Borchardt was in her mid-50s when the first of her seven novels, Devoted (1995), was published by Dutton Penguin. She may be best known for the Legends of the Wolves trilogy about werewolves in medieval Rome (The Silver Wolf, Night of the Wolf, and The Wolf King). The orphaned Regeane and the nobleman Maeniel, both shapeshifters -Maeniel being a wolf who is sometimes a man, and Regeane being a woman who is sometimes a wolf-, contend with bullying chieftains, embattled emperors and supernatural interventions. The last book in the series was published in 2001.

==Books==
- Devoted (Dutton Penguin, 1995)
- Beguiled (Dutton, 1996)
In the tenth-century French town of Chantalon, Bishop Owen and his lady, Elin, marshal their forces in a desperate struggle against Viking raiders, but when Owen leaves to seek aid from his kinsmen and is captured by Bretons, Elin is left to defend Chantalon alone.

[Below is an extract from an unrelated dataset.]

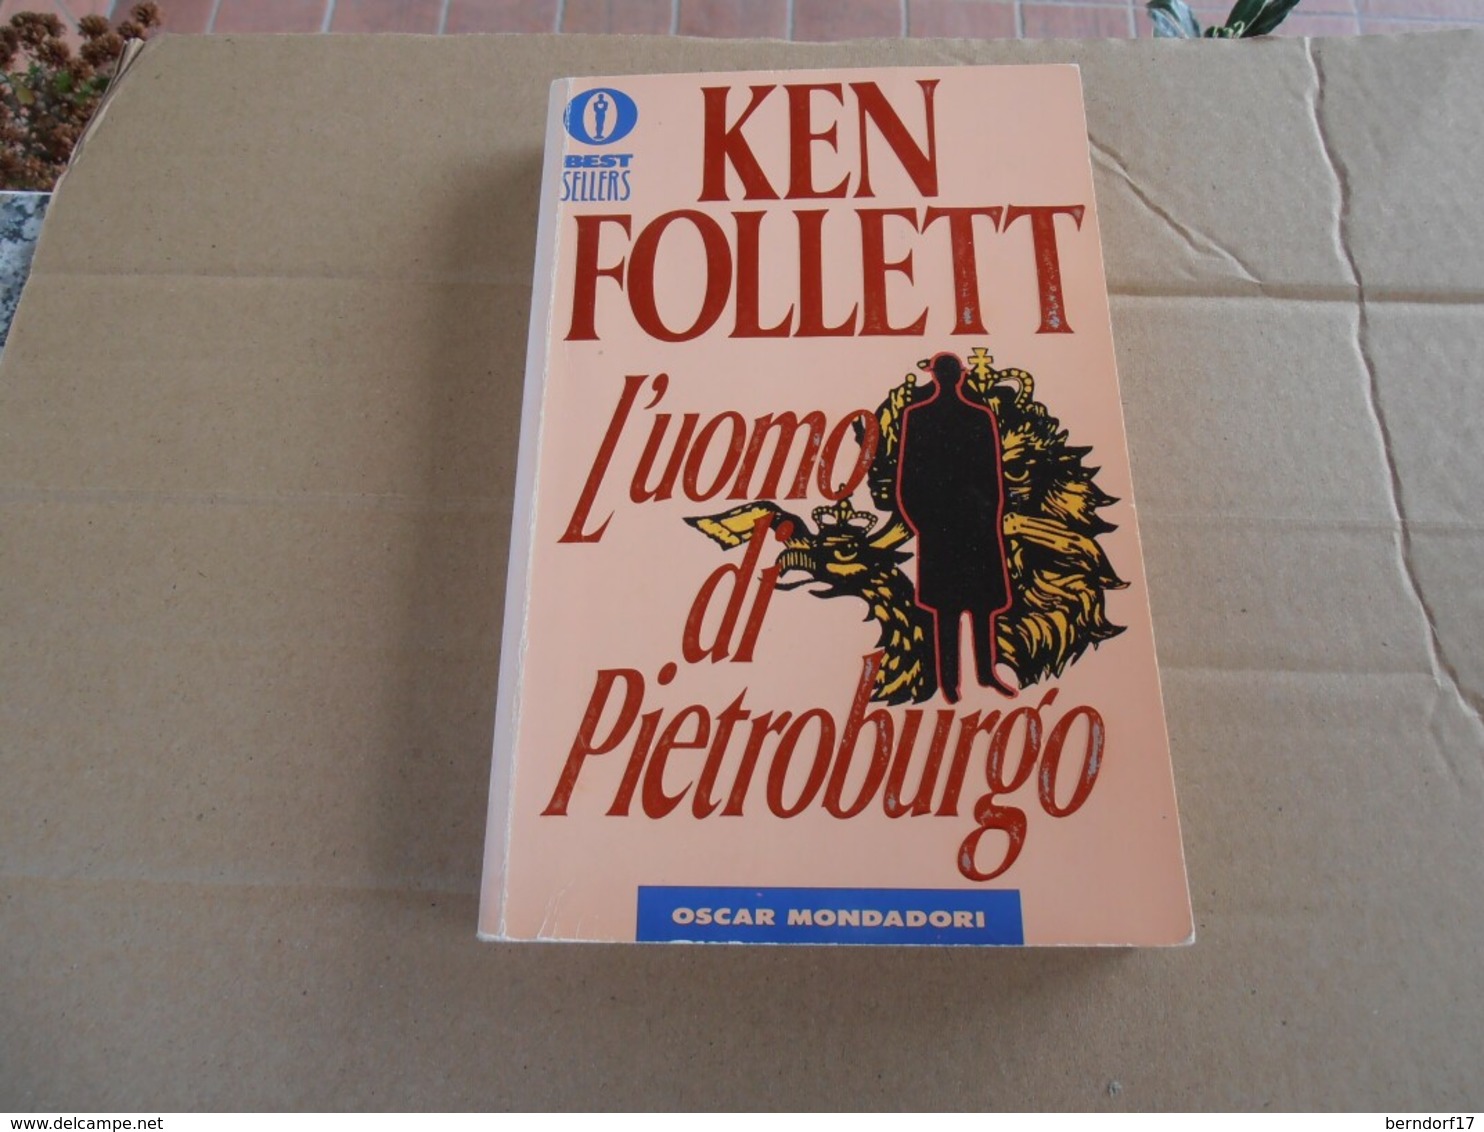 L'uomo Di Pietroburgo - Ken Follet - Famous Authors
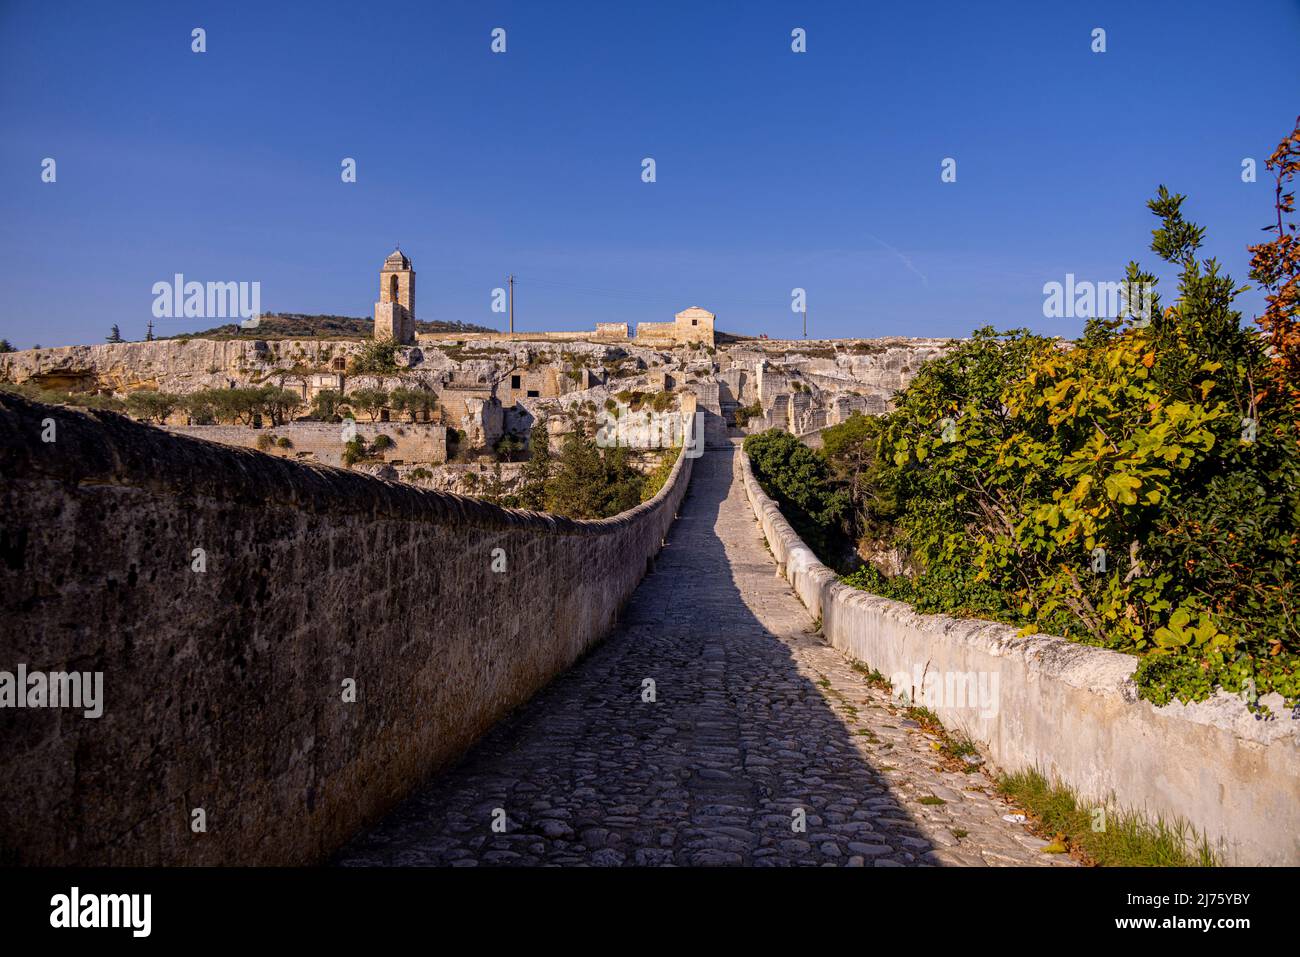 The historic village of Gravina in Puglia with its famous aqueduct bridge, Stock Photo

- Legends of the Wolves trilogy
- The Silver Wolf (Del Rey Books, 1998)
An unwilling pawn in the plotting of the Rome of Charlemagne's time, Regeane is betrothed by her depraved uncle to an unknown barbarian lord. Unable to refuse lest he betray her as a shapeshifting wolf-woman, she is strangely attracted to a dark wolf prowling outside the city gates.
- Night of the Wolf (Del Rey, 1999) – prequel to The Silver Wolf
As the powerful forces of a conquering Rome sweep across ancient Druidic Gaul, an epic battle erupts between the shapeshifter Maeniel, a werewolf, and Dryas, the powerful Druid priestess summoned to destroy him.
- The Wolf King (Del Rey, 2001)
This book features Regeane and her sworn shapeshifter mate, wolf-turned-man Maeniel, in Dark Ages Italy. In a cliffhanger opening, a runaway Saxon slave saves Regeane from death in an Alpine avalanche. When the two attempt to take refuge in a nearby monastery, they discover a mad abbott under the control of an invading demon spirit, the Bear, who leads a ragtag troop of bandits and monks turned zombies. Although they escape with Maeniel's help, the Bear follows, determined to possess a werewolf body and increase its power. Maeniel undertakes a mission from Charles (Charlemagne) to scout the geographical and political landscape ahead of the king's troops as Charles lays siege to Lombardy and its self-indulgent ruler, Desederius. In the meantime, Regeane's greedy cousin Hugo bargains with the Bear spirit and finds himself caught up in Desederius's plot to capture Maeniel. Fortunately, Regeane and the Saxon arrive in time to rescue him.

- Tales of Guinevere
- The Dragon Queen (Del Rey, 2001)
The daughter of a powerful pagan queen, Guinevere grows up under the protection of a Druid and the shapeshifting man-wolf, Maeniel, until the sorcerer Merlin forces her to fulfill her destiny as Arthur's queen.
- The Raven Warrior (Del Rey, 2003)
In Dark Age Britain, wild magic and superstitions hold sway. Even now that Guinevere has accepted the power of the Dragon Throne, she faces the threat of the Saxons and must strike first to protect her people. At the same time, Lancelot AKA Blackleg, Maeniel's wolf-born son, must prove himself as a man and a warrior.